Due to the ability of AI-based technologies to enhance themselves by learning from their successes and defeats as a feedback loop [2], it is relevant to generate a huge number of reports to improve the model's performance continuously. Further optimization and training of this AI-based application are indispensable and a continuous process. Through this, the quality and accuracy of the generated reports can and will be continuously improved. It is possible to upgrade the tool with other AI-based technologies to achieve a higher quality of reports. Therefore, we are simultaneously developing an image-based tool that can recognize and analyze endonasal endoscopic videos with the help of a pattern recognition software. That software was already reported in ORL procedures [2, 7]. Google® already uses similar technologies to provide video content information [2] automatically. Based on the images within the endoscopic video, this tool can generate a detailed operation report during the actual procedure.

Moreover, it is possible to include screenshots in the created report for accurate documentation of, for example, suspect findings. These highly-detailed reports can also have advantages for legal purposes. By combining both tools, the model can receive more information from the endoscopic video and the spoken keywords to generate more accurate and higher-quality surgical reports in the future. A further consideration might be to create several versions of one report with different levels of detail for different purposes. For example, highly detailed reports could be saved for legal purposes, and moderately detailed reports for briefly reconstructing a procedure. Another important aim of those applications could be the standardization of surgical reports for better interdisciplinary exchange and quality management [1, 5, 6, 12].
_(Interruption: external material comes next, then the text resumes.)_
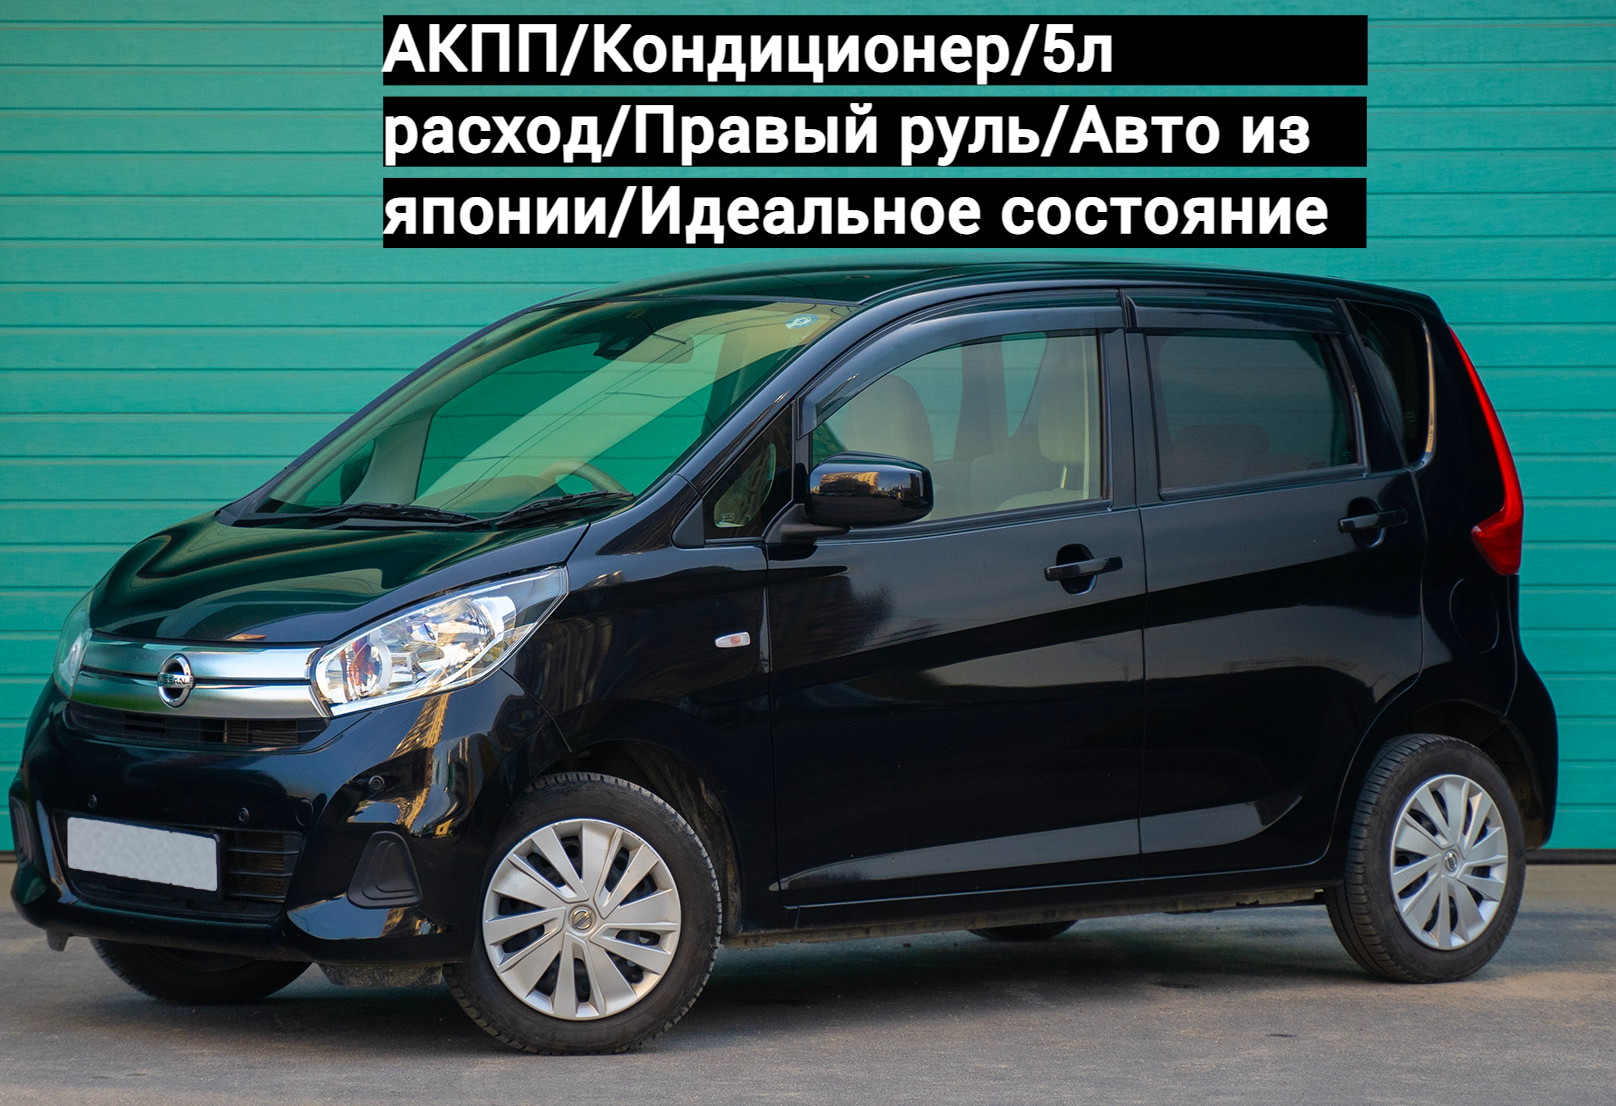 Аренда nissan dayz эконом класса 2018 года в городе Москва Парнас от 1500 руб./сутки, передний привод, двигатель: бензин, объем 0.7 литров, ОСАГО (Мультидрайв), без водителя, недорого - RentRide

First studies describing the regular use of artificial intelligence in surgery [12], as well as automatic report generation in radiology [5] already exist. This proof-of-concept study showed that there is a need and acceptance of new AI-based applications for generating (ORL-) surgical reports. Therefore, it is important that physicians actively support this technological development [6, 12]. Finally, our AI tool can be transferred to other clinical departments.

Conclusion

The digital revolution in healthcare is inevitable [1,2,3]. AI-based technologies will become an indispensable part of the clinical workflow for reducing physicians' workload and optimizing the quality and patient safety [1, 2, 5, 6, 12, 14]. The developed tool is an example and, therefore, part of the healthcare sector's digital revolution. An estimated time saving of 16–30 min per day and a relevant workload reduction was seen by most of the participants. These results point out the need of optimizing the repetitive and time-consuming task of generating surgical reports. Further training of the model is needed to improve its performance, emphasizing the necessary process of advancement in AI-based technologies for clinical application. With this proof-of-concept study, a first step in the indispensable development of medical AI technologies was made to optimize clinical workflows, possibly contributing to enhance the quality and safety of patient care in future.